Again, the attitude that "I can easily write something that'll run fast enough on my trivial database" in practice, translates into the kind of performance catastrophes that get people like me involved to rip out that simple naive code and replace it by something that really IS fast, over datasets orders of magnitude larger than the toy tests run on the original code.
|SQL is not and cannot be "fast". It is inherently slow, compared to any kind of competant hand-rolled database/algorithm design |
I agree that SQL has a lot of overhead. But if your hand-rolled design doesn't allow you to add a simple feature, and mine does, but both perform well in production, which is better? There's nothing wrong with overhead if you're getting something in return.
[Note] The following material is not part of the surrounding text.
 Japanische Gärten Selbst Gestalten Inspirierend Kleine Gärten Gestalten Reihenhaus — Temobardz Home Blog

|who ARE working on EXTREMELY large databases -- orders of magnitude larger than MySQL can touch |
So how large? I'm working with a U.S. phone directory in a MySQL table with 105 million rows that queries in 0.2 to 0.4 seconds. It's a pain to build and reindex, but then, it's a lot of data.
|computer science students will know the famous proverb |
I graduated in computer science in 2000, in a degree program that emphasized ANSI C, Unix, and PC hardware. But the proverb tells me as much as "there's never been a car invented that would avoid crashing when you point it at a brick wall and floor it."
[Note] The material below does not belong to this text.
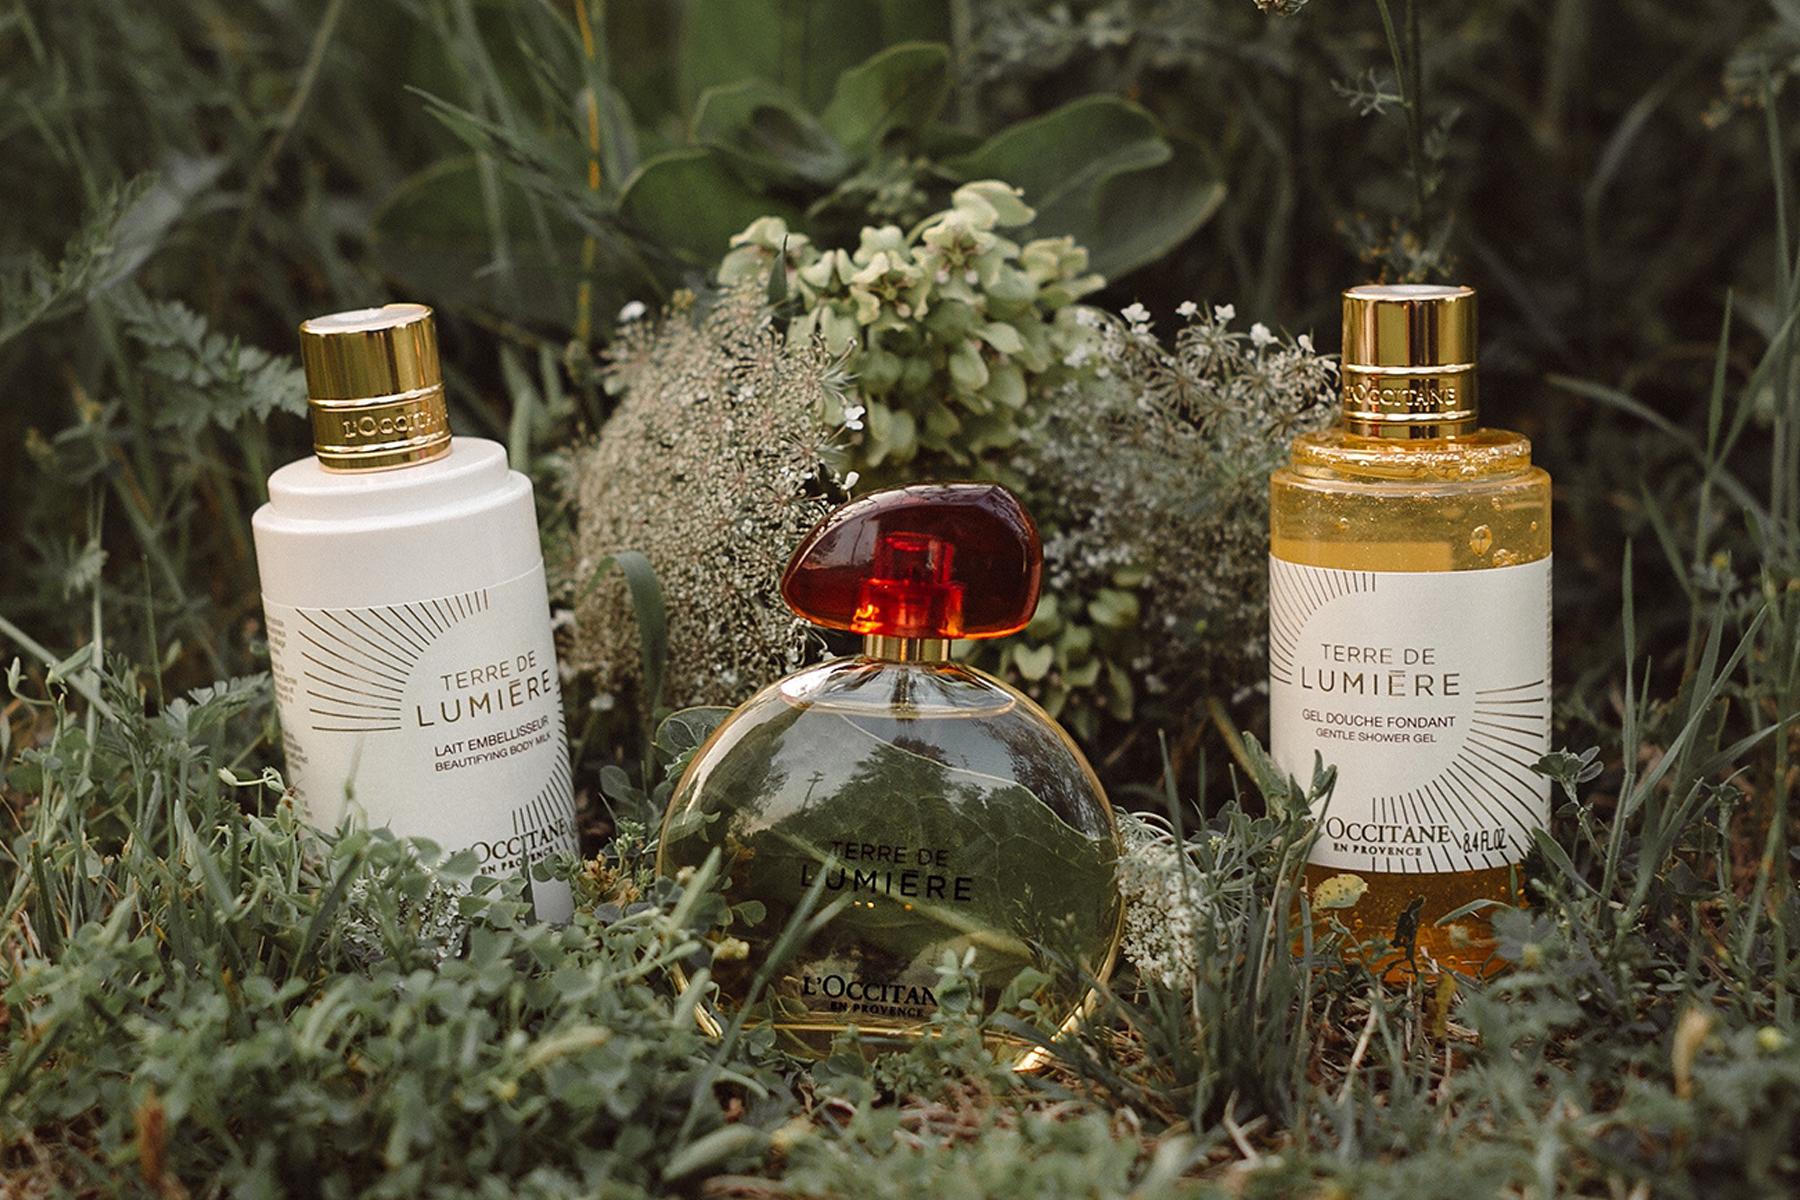 L'Occitane Terre de Lumiere Parfume, L'Occitane Terre de Lumiere Shower Gel, L'Occitane Terre de Lumiere Body Lotion

|I can easily write something |
If I had the time, I'd offer to prove it to you. It would be educational for one of us. Which one, I wouldn't stake my life on. :)
Well, you're seeing how long it takes to build the ODP database. And its size exceeds the maximum size MySQL can manage.
So, 2 terabytes [dev.mysql.com], then?
Hi ODP guys, can one of you give us a hint at the annual costs of running the ODP , in $US.
AOL doesn't tell us that. But can't you guess? Go to your favorite ISP and ask what it'd take to buy and run and maintain, say, ten top-end Sun servers: Solaris or Linux, no need to pay the Microsoft tax or take the Microsoft performance hit. Throw in one developer's hindquarters and a couple of ribs of manager. Age well, and hope something doesn't explode in the oven.
Okay, lets try
10 Sun Fire X4500 including operating system, at $50,000 each special dmoz discount :), total $500,000 spread over 4 years, $125,000/pa
1 tech for $100,000 per year,
A couple of full time editors, perhaps job sharing $150,000 total
bandwith cost, hmm, a wilder gues here,,,, $200,000 per annum
other attributable costs,,$100,000
Total guess,,, 125,000+$100,000 +$150,000 +$200,000+$100,000
thats $675,000 give or take a few more wild guesses
Okay, now you can laugh
Back to the original points
|5. DMOZ policy is very questionable with respect to google |
I think you have this the wrong way round. DMOZ encourages you to use their content. But if you want your site to do well in Google then avoid using DMOZ data - however much you think your users would welcome the content. That is a Google Dictat and not a DMOZ policy.
>But if you want your site to do well in Google then avoid using DMOZ data - however much you think your users would welcome the content. That is a Google Dictat and not a DMOZ policy.
If you don't have value to add to the ODP data, everybody's probably better off if you just link to directory.google.com, or dmoz.org, or the appropriate subcategory thereof.